Timing Power Query Queries

If you’re interested in performance-tuning a Power Query query, you’re going to need a reliable way of telling how long your query takes to run. It’s not as easy as it seems to adapt your query to do this though, and that’s because of the way the M formula language works. This post does show you how to find how long a query takes to run, but I have to admit that I’m not 100% satisfied with the approach and I suspect there are other, better ways of achieving the same thing that do not involve any M code. However this post does highlight a lot of interesting points about Power Query and M so I think it’s worth reading anyway…

M language background

In my last post, showing how to create a Power Query function that waits a given number of seconds, I used the following query to demonstrate the function:

	
let
    //Find current time
    One = DateTime.LocalNow(),
    //Define Wait function
    Wait = (seconds as number, action as function) => 
            if (List.Count(
             List.Generate(
              () => DateTimeZone.LocalNow() + #duration(0,0,0,seconds), 
              (x) => DateTimeZone.LocalNow() < x, 
              (x) => x)
              ) = 0) 
               then null else action(),
    //Call Wait function to wait 5 seconds
    //then return the current time again
    Two = Wait(5,DateTime.LocalNow),
    //Display start time, finish time, and duration
    Output = "Start Time: " & DateTime.ToText(One) & 
                   " Finish Time: " & DateTime.ToText(Two) & 
                   " Difference: " & Duration.ToText(Two-One)
in
    Output

 

The output of this seems very straightforward:

image

However, consider the output when you change the last step in the query to be:

    Output = "Finish Time: " & DateTime.ToText(Two) & 
                   " Start Time: " & DateTime.ToText(One) & 
                   " Difference: " & Duration.ToText(Two-One)

 

The only difference is that the finish time is displayed before the start time, and yet the output is now:

image

The start time and the finish time are now the same, and the duration is 0. However the query does still take the same amount of time to run. What’s going on here?

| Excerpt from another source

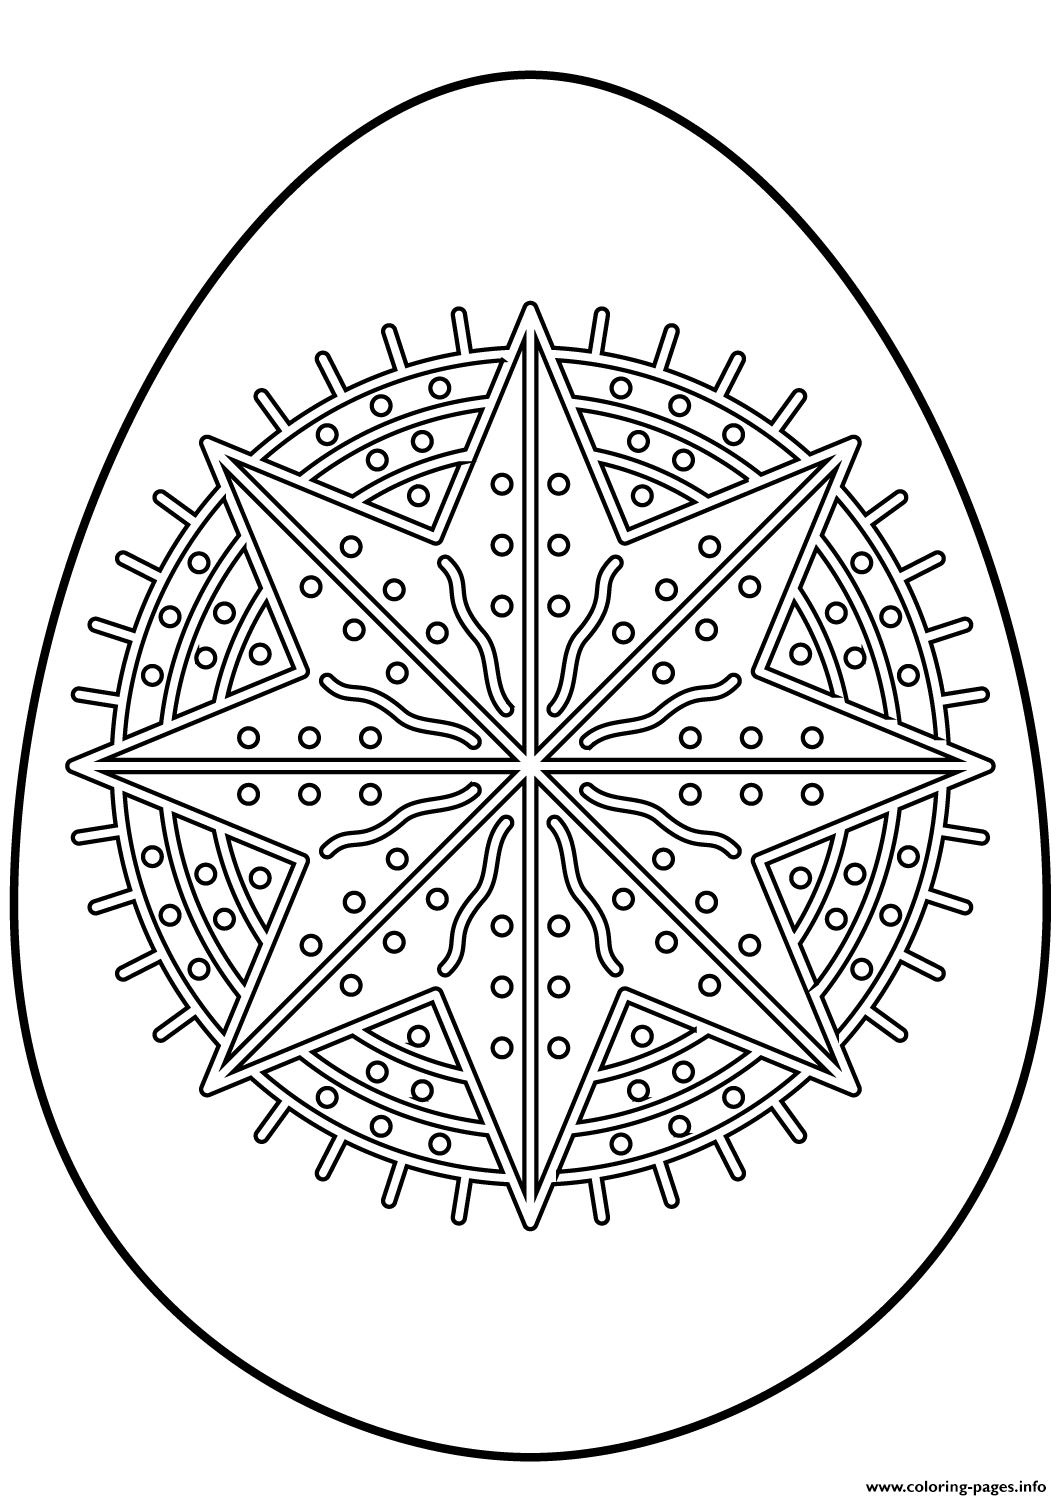 Easter Egg With Octagram Star coloring

Looking at the M code for a query, you’d be forgiven for thinking that the first step in a query is evaluated first, the second step is evaluated second, the last step is evaluated last, and so on. This is not the case though. From page 10 of the Language Reference document (which can be downloaded here):

List and record member expressions (as well as let expressions, introduced further below) are

evaluated using lazy evaluation, which means that they are evaluated only as needed.

A Power Query query is usually a single let expression, and within a let expression steps are evaluated as and when they are needed; if a step’s output is not needed anywhere else then it may not be evaluated at all. Therefore, in the second example above, even though the step called One is the first step in the query, it is evaluated after the step called Two because that is the order that the values are needed in the expression calculated for the step Output.

Another important point to understand is that (from page 30 of the Language Reference):

Once a value has been calculated, it is immutable, meaning it can no longer be changed.

This simplifies the model for evaluating an expression and makes it easier to reason about the

result since it is not possible to change a value once it has been used to evaluate a subsequent

part of the expression.

In our example, this means that once StartTime and EndTime have been evaluated for the first time, the value they return will not change on subsequent calls.

The final thing to point out is that I’m using the DateTime.LocalNow() function here to get the system date and time at the point that the expression is evaluated. If you use DateTime.FixedLocalNow() it will return the same value every time you call it in the same query – which is obviously not going to be much use for our purposes.

How to time your queries

Now we know all this we can alter a query that does something useful so we can see how long it takes to execute. Getting status updates from Facebook is sufficiently slow for us to be able to measure a duration, and here’s an example query that shows how to measure how long the request takes:

let
    //Get the current time, which will be the query start time
    StartTime = DateTime.LocalNow(),
    //Make sure StartTime is evaluated just before we request data from Facebook
    Source = if StartTime<>null
	     then 
             Facebook.Graph("https://graph.facebook.com/me/statuses")
             else
	     null,
    //Find the number of rows returned
    NumberOfRows = Number.ToText(Table.RowCount(Source)),
    //Get the current time, which will be the query end time
    EndTime = DateTime.LocalNow(),
    //Make sure PQ evvaluates all expressions in the right order:
    //first, get the Number of rows, which ensure that
    //the Source expression is evaluated, and in turn StartTime is evaluated
    //second, the EndTime is evaluated as part of the duration calculation
    Output = "Query returned " & NumberOfRows 
             & " rows and took " 
             & Duration.ToText(EndTime - StartTime)
in
    Output

Here’s an example of the output of the query:

image

How does this work?

  • The Output step has the expression that returns the query output
  • The first value evaluated in the Output step is the NumberOfRows step, which finds the number of rows returned by Facebook in turn forces the evaluation of the Source step. If we didn’t include an expression in the output that was in some way derived from data loaded from Facebook, Power Query would not bother to evaluate the Source step.
  • The Source step gets data from Facebook, but before that happens there is an if expression that checks to see whether StartTime is null or not. Of course this always returns true, but the point here is that by making this check we are forcing StartTime to be evaluated.
  • The second value evaluated in Output is the duration. The duration is the EndTime (evaluated for the first time at this point) minus the StartTime (which has already been evaluated, remember), so we get the amount of time elapsed between the start of the request to Facebook and the end of the query.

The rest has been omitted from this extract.